Disaster recovery

This disaster recovery plan provides an overview of the expected disasters and how Flying Circus systems and personnel is prepared to deal with them.

For each scenario we give:

  • a preventive action

  • the recovery action

  • the recovery time and recovery point objective

  • measures we take to prevent the scenario

Terminology

RTO

Recovery time objective. The planned time needed between discovering a disaster and restoring the service.

RPO

Recovery point objective. The point in time to which data will be available after recovery.
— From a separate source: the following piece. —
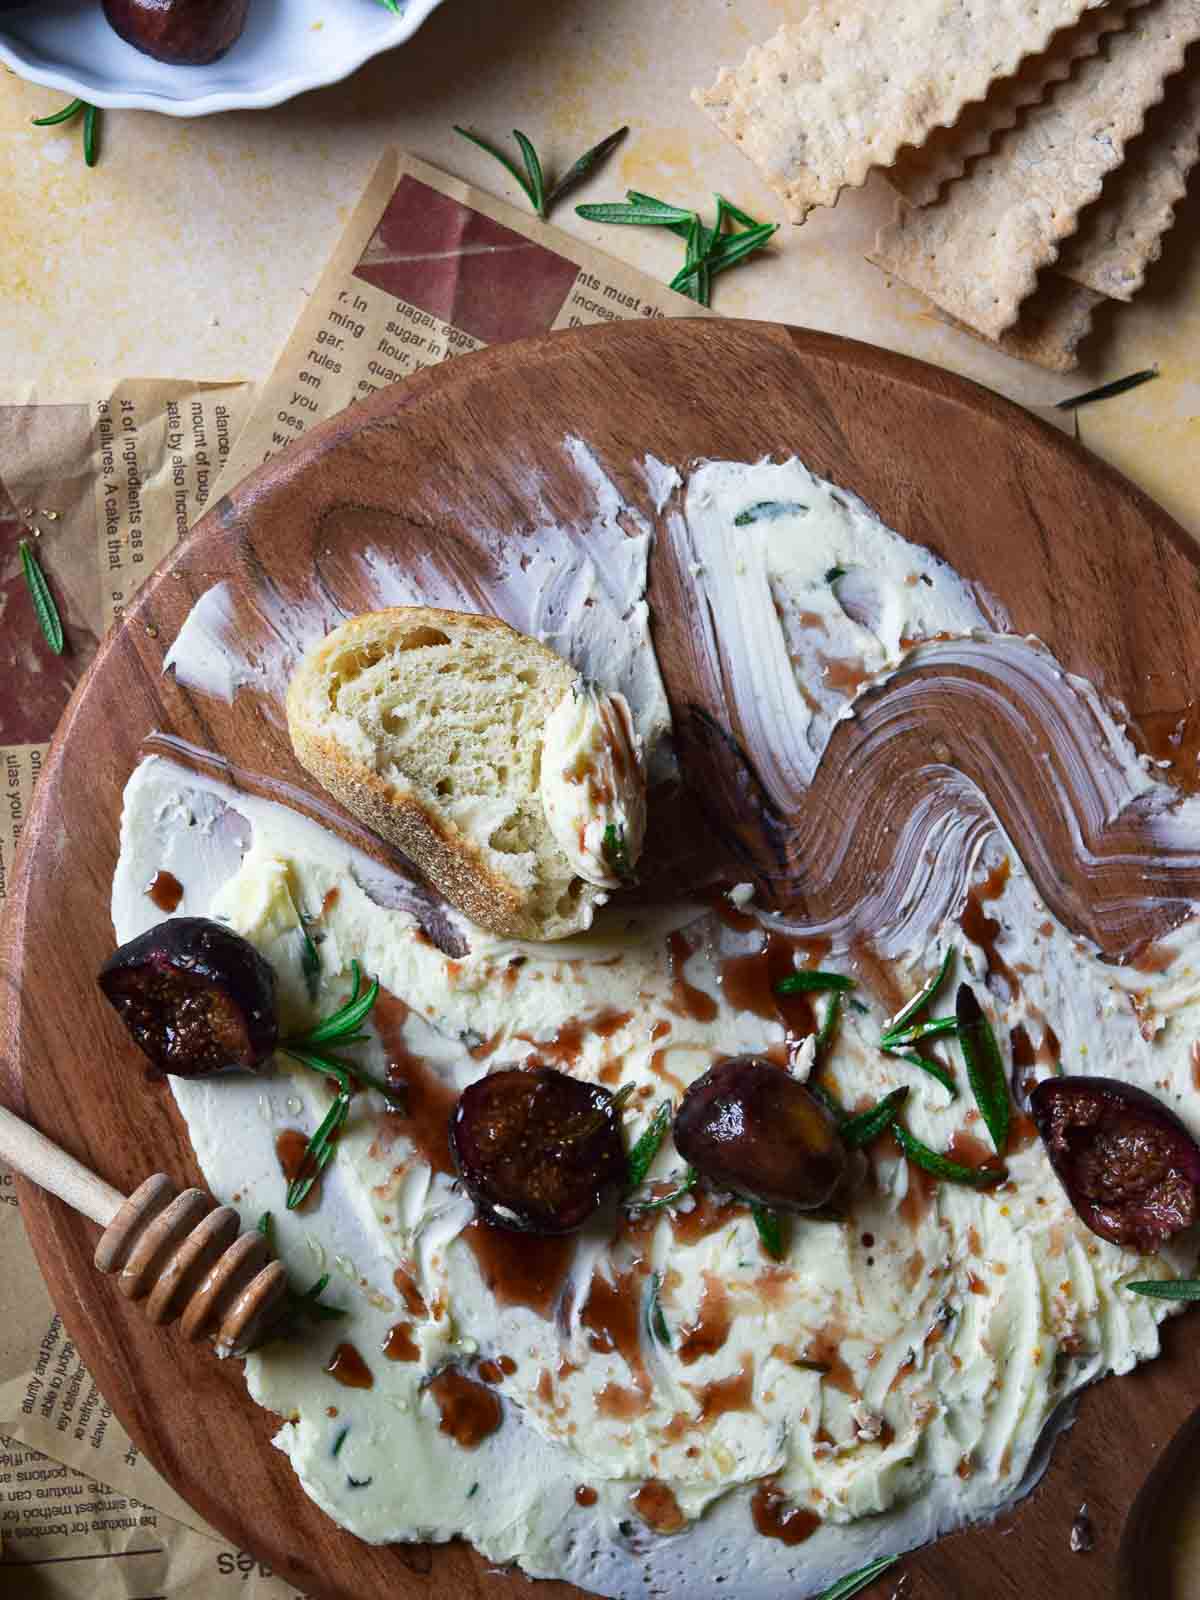 Overhead view of roasted figs and bread on a serving board with butter.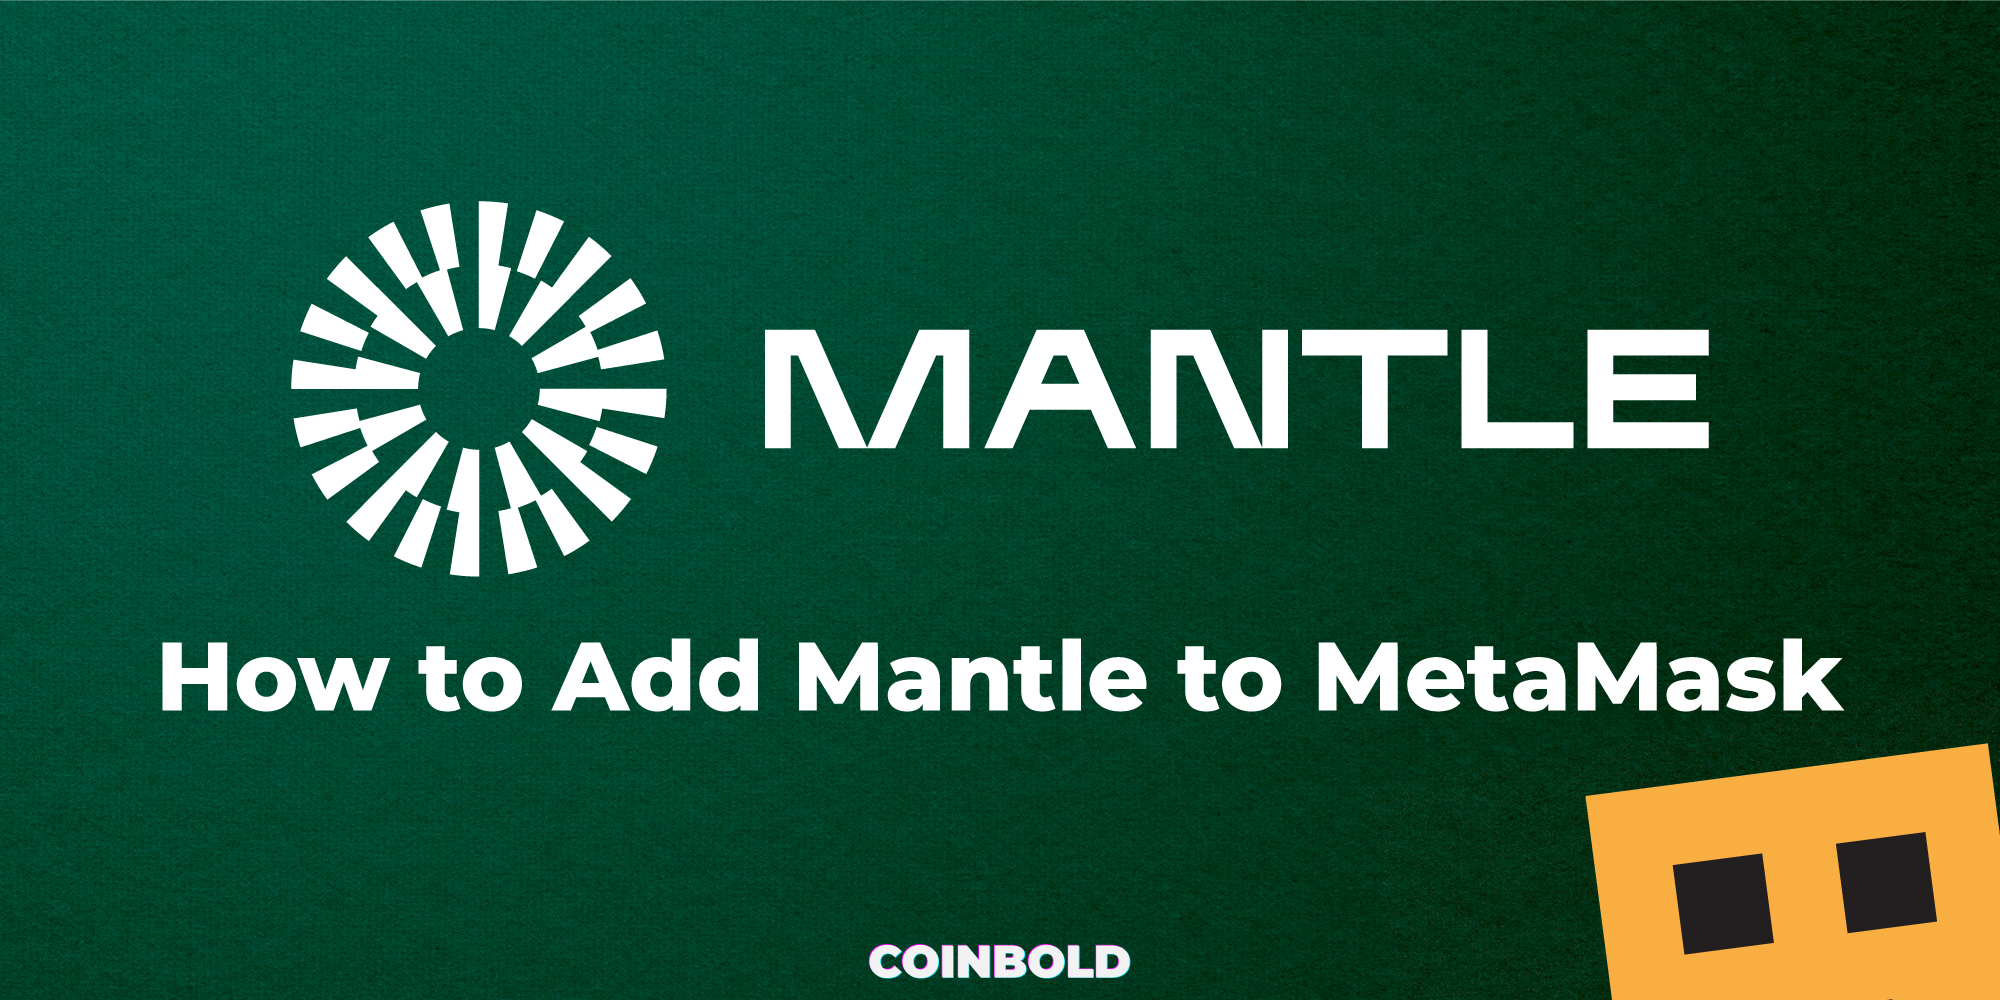 How to Add Mantle to MetaMask

Given as in “time before the disaster”.

Note

If recovery actions are neither self-service nor automatic then a 1 hour response time is included to notify the standby support technician.

Hardware errors

Loss of active network component

Disaster prevention

We deploy hot-standby routers, active-active redundant core switches and keep warm standby ports on neighbouring switches.

Disaster recovery

Swap faulty component with standby component. This happens automatically for routers and manually for switches.

Depending on the affected services higher level components’ redundancies ( storage, virtualisation) may allow faster recovery times.

RTO for hot-standby routers: less than 15 seconds

RTO for core switches: 0 seconds (active-active)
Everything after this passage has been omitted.